Curried chickpeas image

Serve this side as part of an Indian meal for a healthy bit of spice

Provided by Good Food team

Categories     Dinner, Side dish

Time 30m

Number Of Ingredients 14

2 tbsp vegetable oil
1 tsp cumin seeds
1-2 red chillies , deseeded and chopped
1 clove
1 small cinnamon stick
1 bay leaf
1 onion , finely chopped
½ tsp ground turmeric
2 garlic cloves , finely chopped
400g can chickpeas , rinsed and drained
1 tsp paprika
1 tsp ground coriander
2 small tomatoes , chopped
1 tbsp chopped coriander

Steps:

  • Heat the oil in a heavy-bottomed pan.
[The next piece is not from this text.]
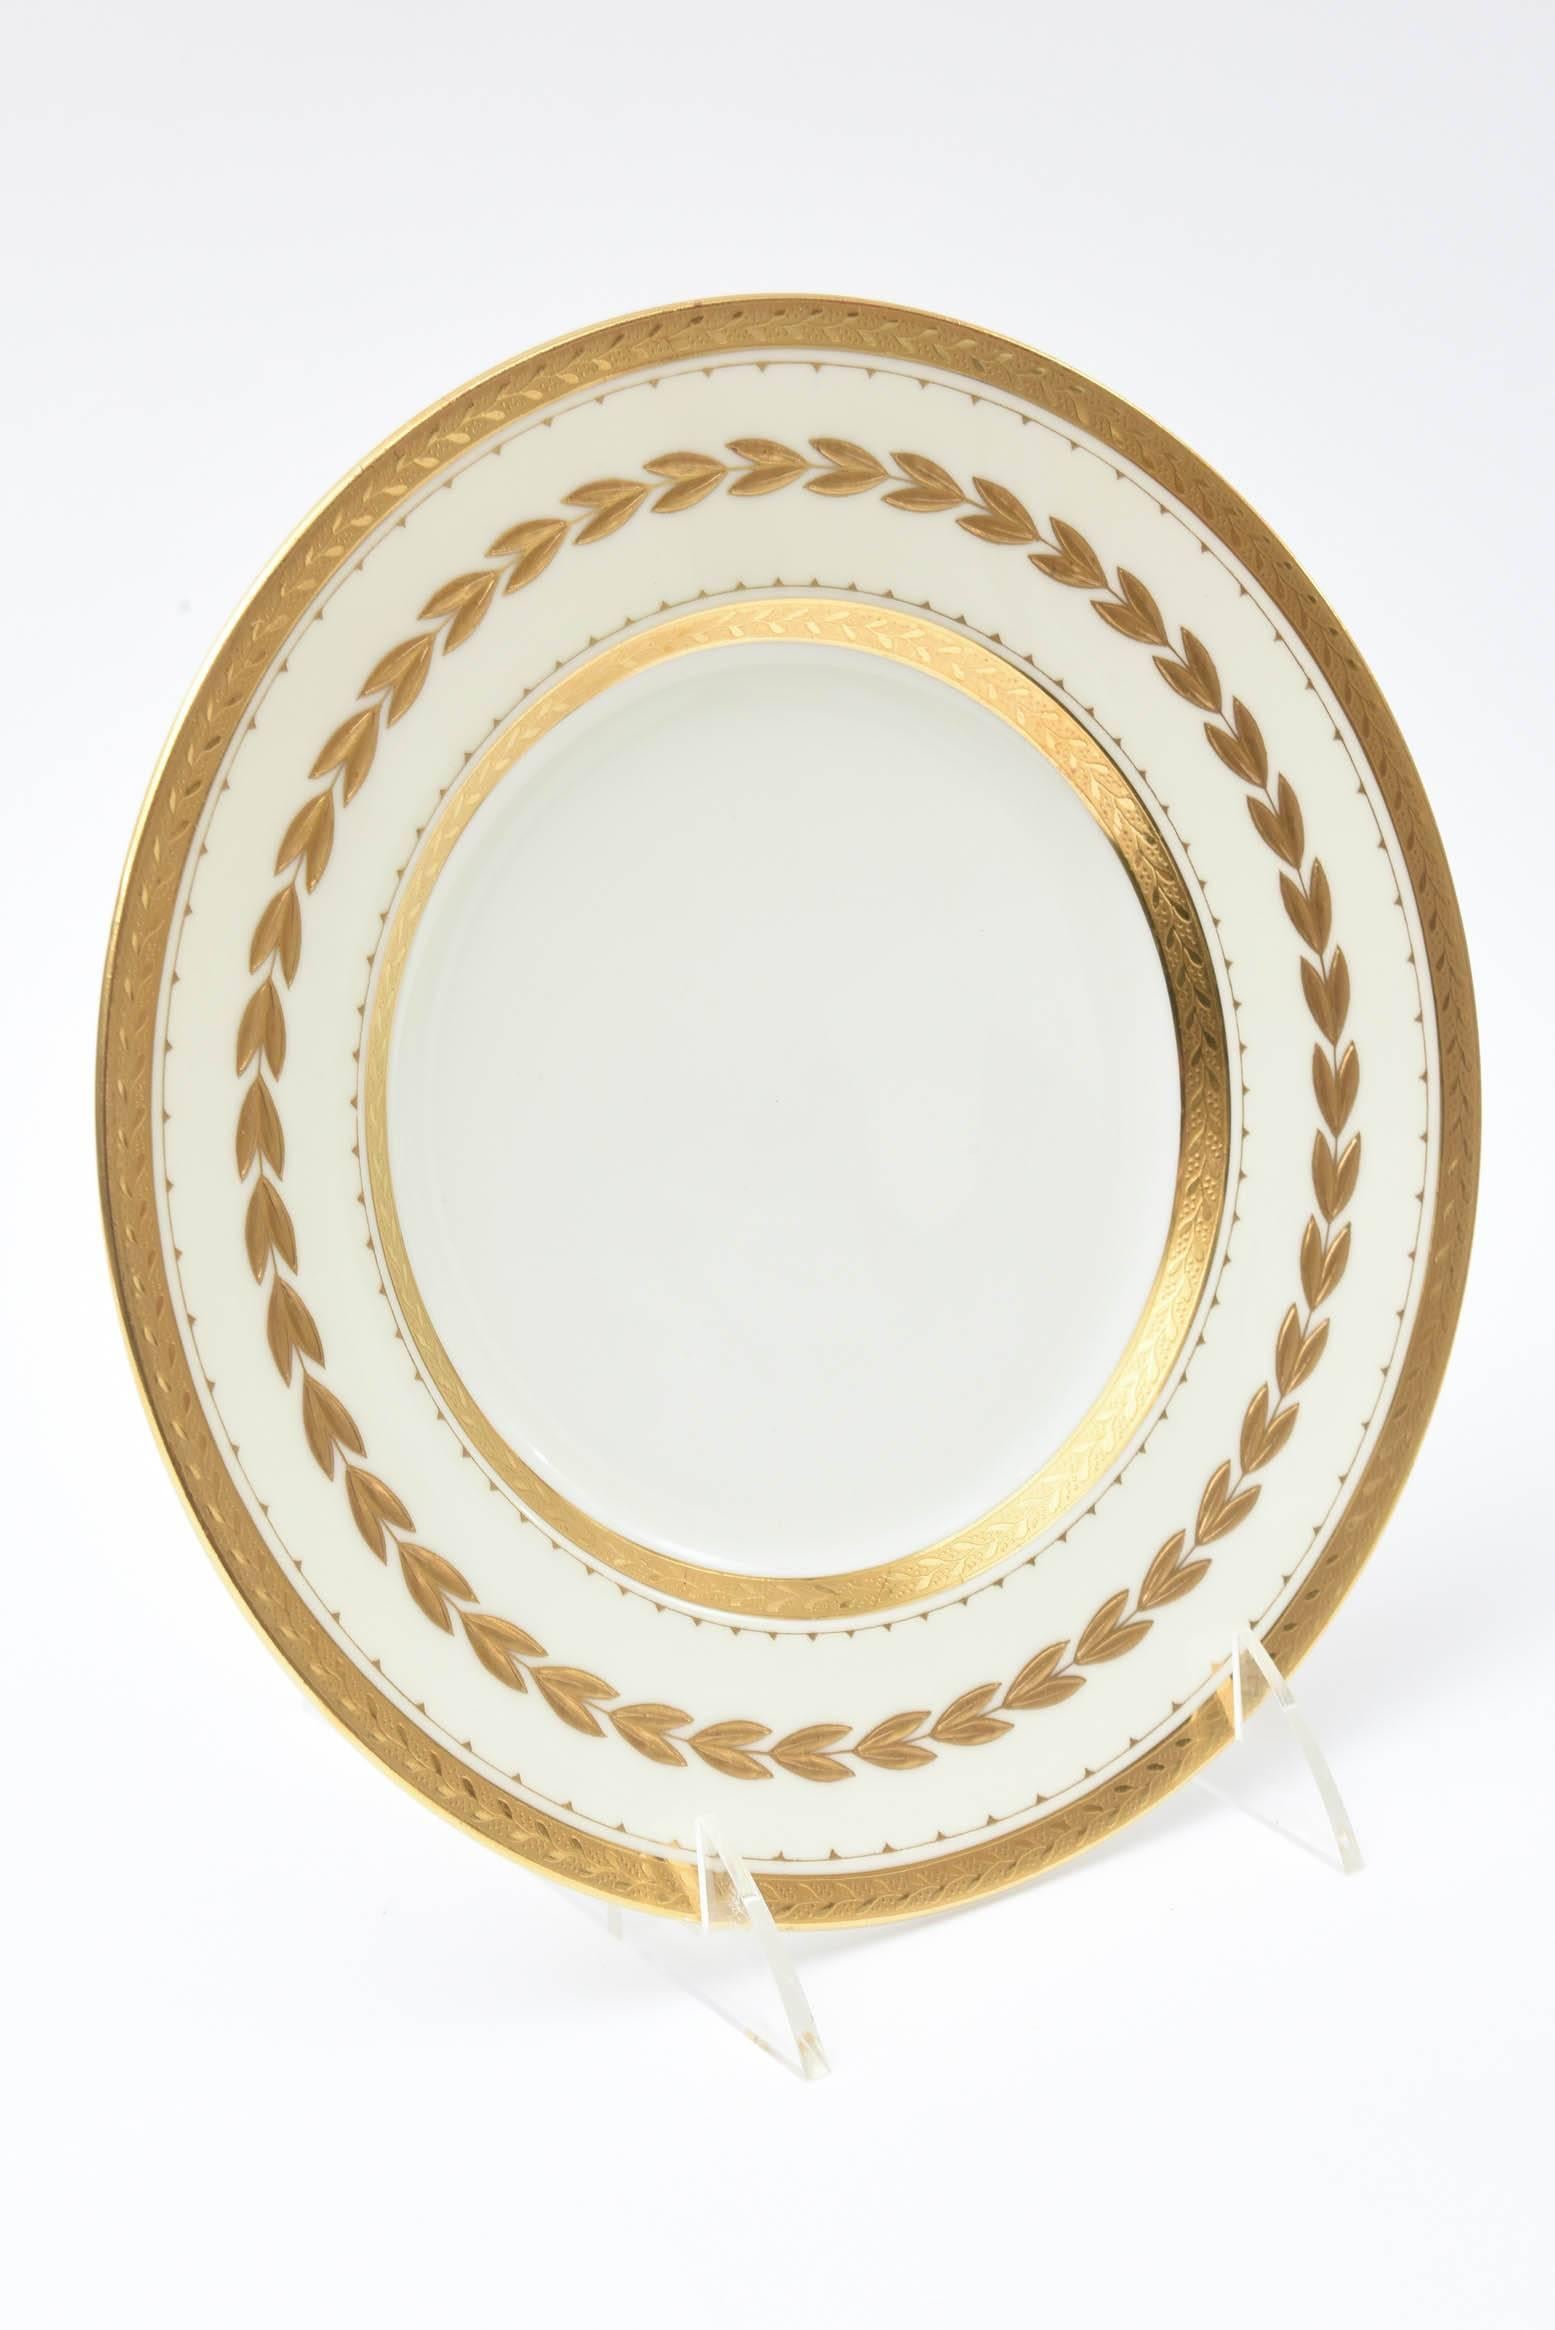 12 Tiffany Heavy Raised Gold Dessert or Salad Porcelain Plates, Antique English 2
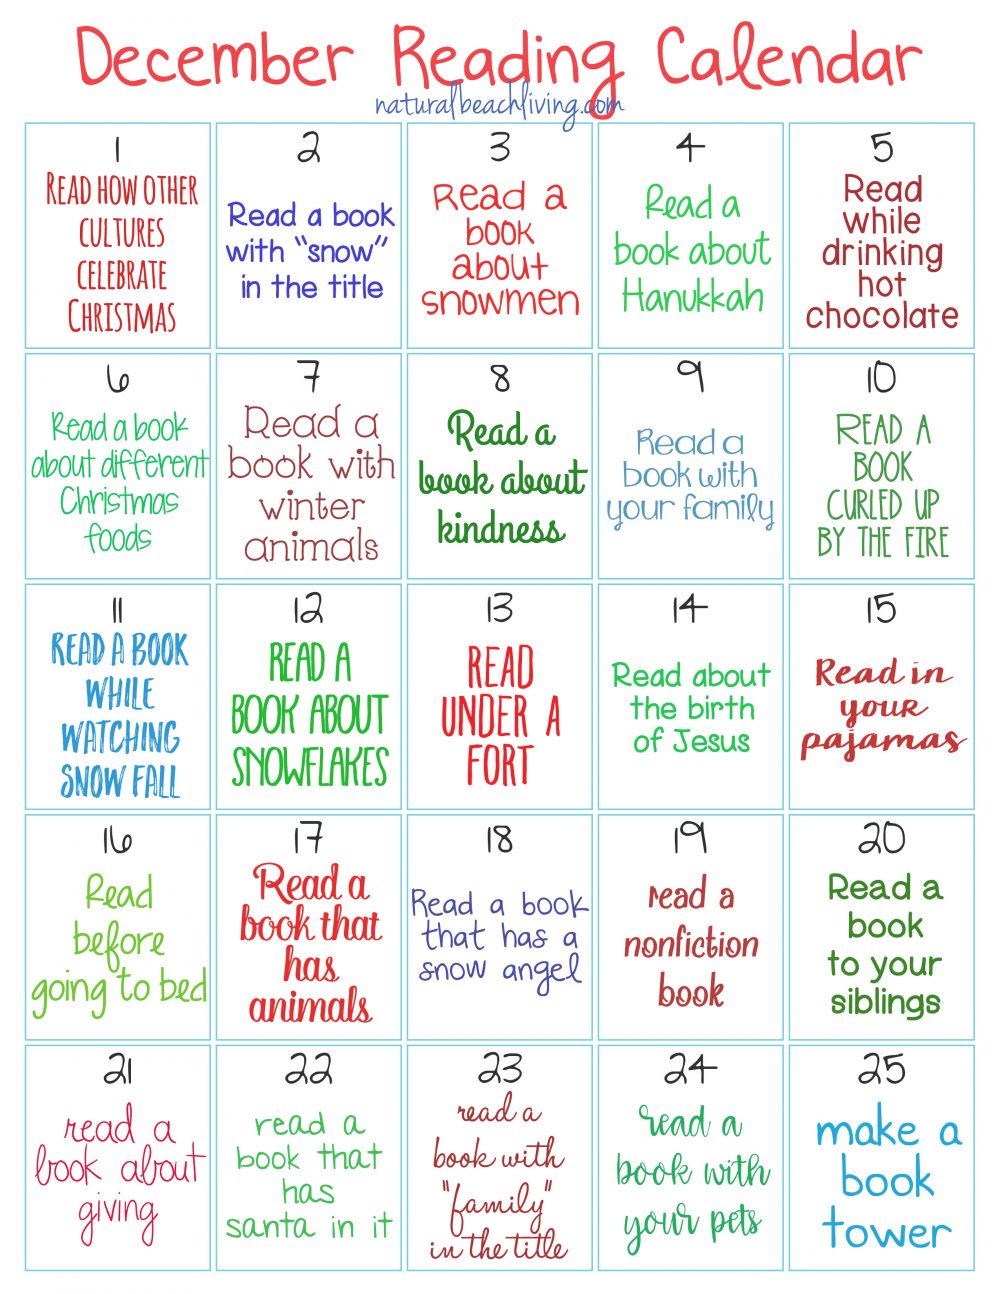 Christmas Reading Challenge for Kids

Fry the cumin, chillies, clove, cinnamon and bay leaf together until the cumin starts to crackle. Tip in the onion, turmeric and a pinch of salt. Cook for 2 mins until starting to soften, then add the garlic.
  • Continue cooking 4-5 mins until the onion is soft, then add chickpeas, paprika, black pepper and ground coriander. Give everything a good stir so the chickpeas are well coated in the spices.
  • Add the tomatoes and 2 tbsp water. Cook on a medium heat until tomatoes are soft and the sauce is thick and pulpy. Take off the heat and sprinkle on the coriander.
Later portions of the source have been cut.